The essays gathered here, written by Calvin College professors from a wide range of disciplines, are intended for prospective students. But this book serves a larger audience by reaffirming—persuasively, without any hype—the classic values of a liberal arts education in a Christian setting. That's a message that needs to be heard, especially right now, by college administrators and faculty, parents and students, and everyone else connected with higher education.


How to Run a Country: An Ancient Guide for Modern Leaders
Marcus Tullius Cicero, selected and translated by Philip Freeman (Princeton University Press)

To make this delightful little book, a sequel of sorts to last year's How to Win an Election, Philip Freeman has selected pithy passages from Cicero's works. He begins with a comment from John Adams on a biography of Cicero: "I seem to read the history of all ages and nations in every page—and especially the history of our own country for forty years past. Change the names and every anecdote will be applicable to us." Enough said?


Monty Python's Flying Circus: Complete and Annotated … All the Bits
Annotations by Luke Dempsey (Black Dog & Leventhal)

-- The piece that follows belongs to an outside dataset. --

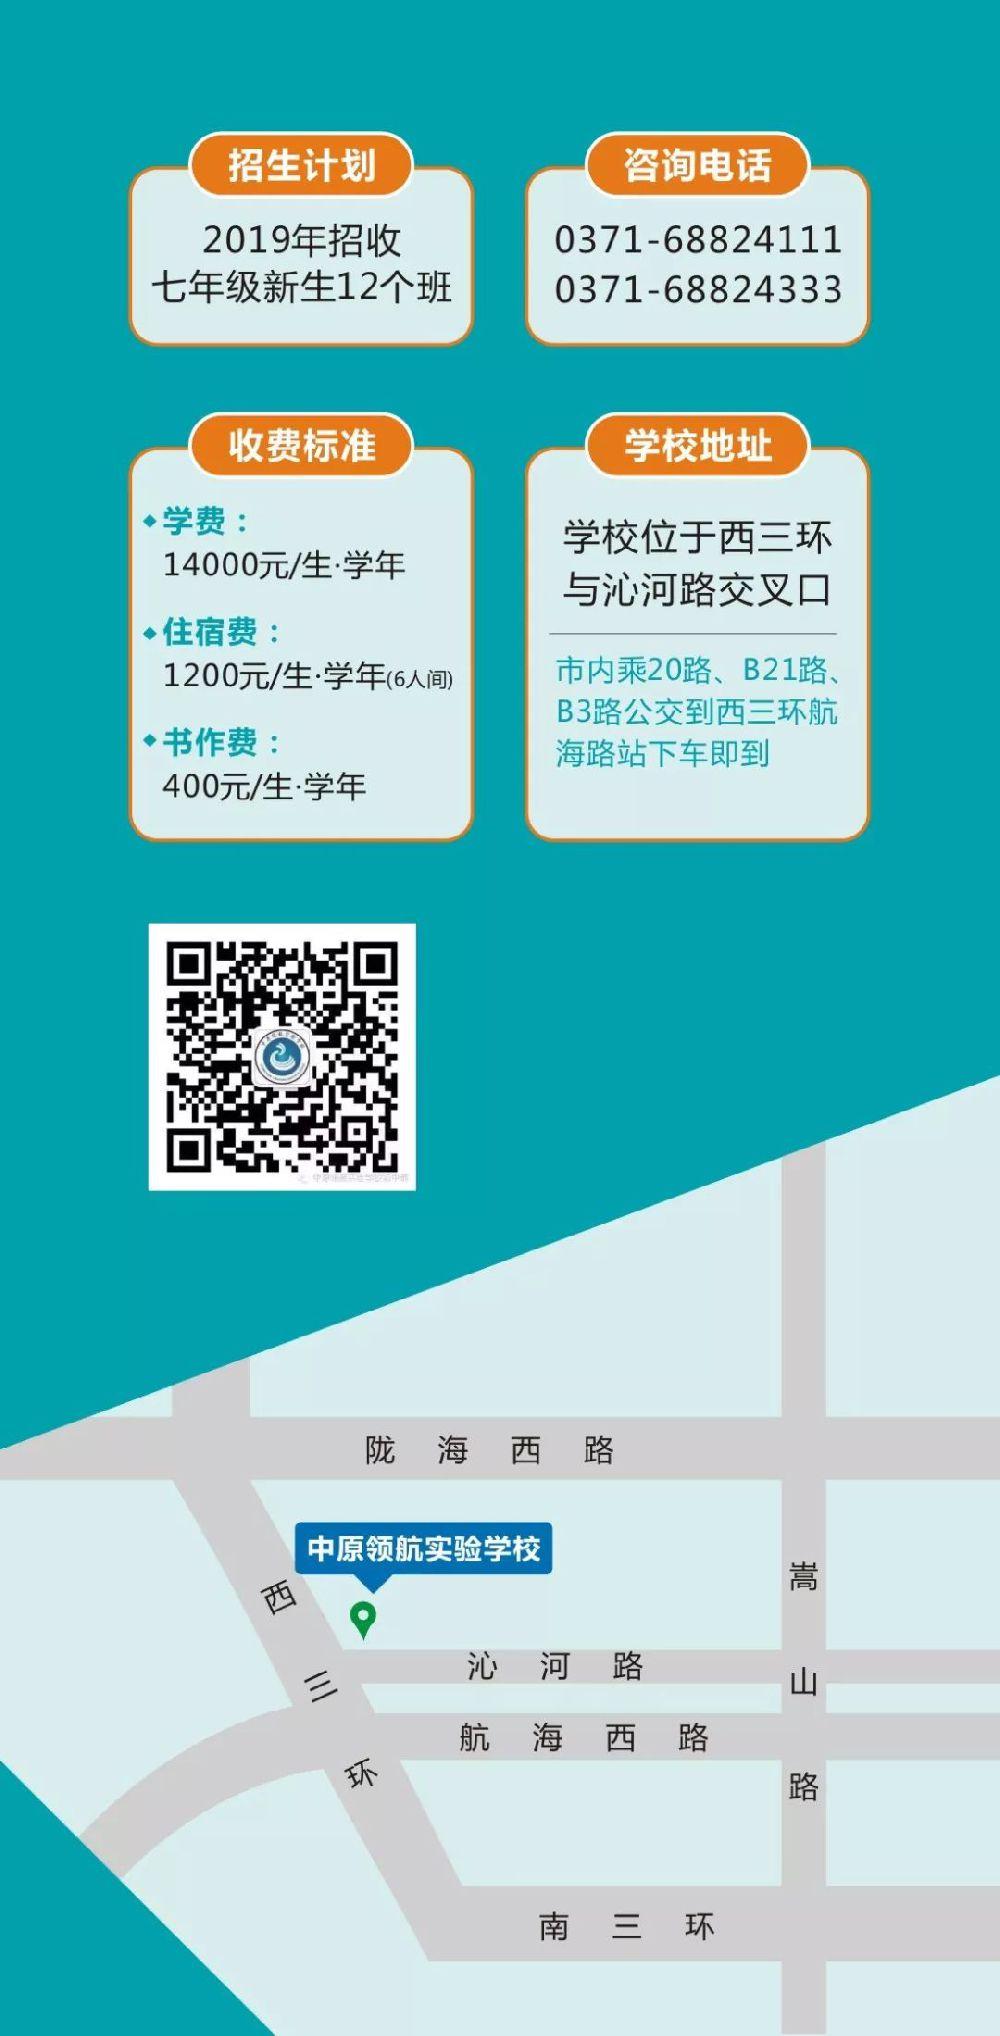 2019沌口中原领航v领航还是初中部招生简章高中开发区学校郑州初中一中是图片

Genius flares up unpredictably, burns brightly, fades, even as it becomes kindling in some other unexpected place. On pages 553 and 554 of this massive and lavishly illustrated compendium, you'll find the script for a masterpiece of the 20th-century British imagination: episode 29 of Monty Python's Flying Circus, "I'd Like to Have an Argument Please." All the canonical Python episodes are here, along with many others you may have forgotten or never seen. Perhaps in some classroom of the future, students will pore over these works the way we once studied T. S. Eliot's The Waste Land.